START Data block
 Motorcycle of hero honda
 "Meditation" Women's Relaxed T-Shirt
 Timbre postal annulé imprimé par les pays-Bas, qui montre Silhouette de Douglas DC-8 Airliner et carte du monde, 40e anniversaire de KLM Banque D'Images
END Data block
§ Task goal
Output the data once more, exactly as given.

§ Exercise output
 Motorcycle of hero honda
 "Meditation" Women's Relaxed T-Shirt
 Timbre postal annulé imprimé par les pays-Bas, qui montre Silhouette de Douglas DC-8 Airliner et carte du monde, 40e anniversaire de KLM Banque D'Images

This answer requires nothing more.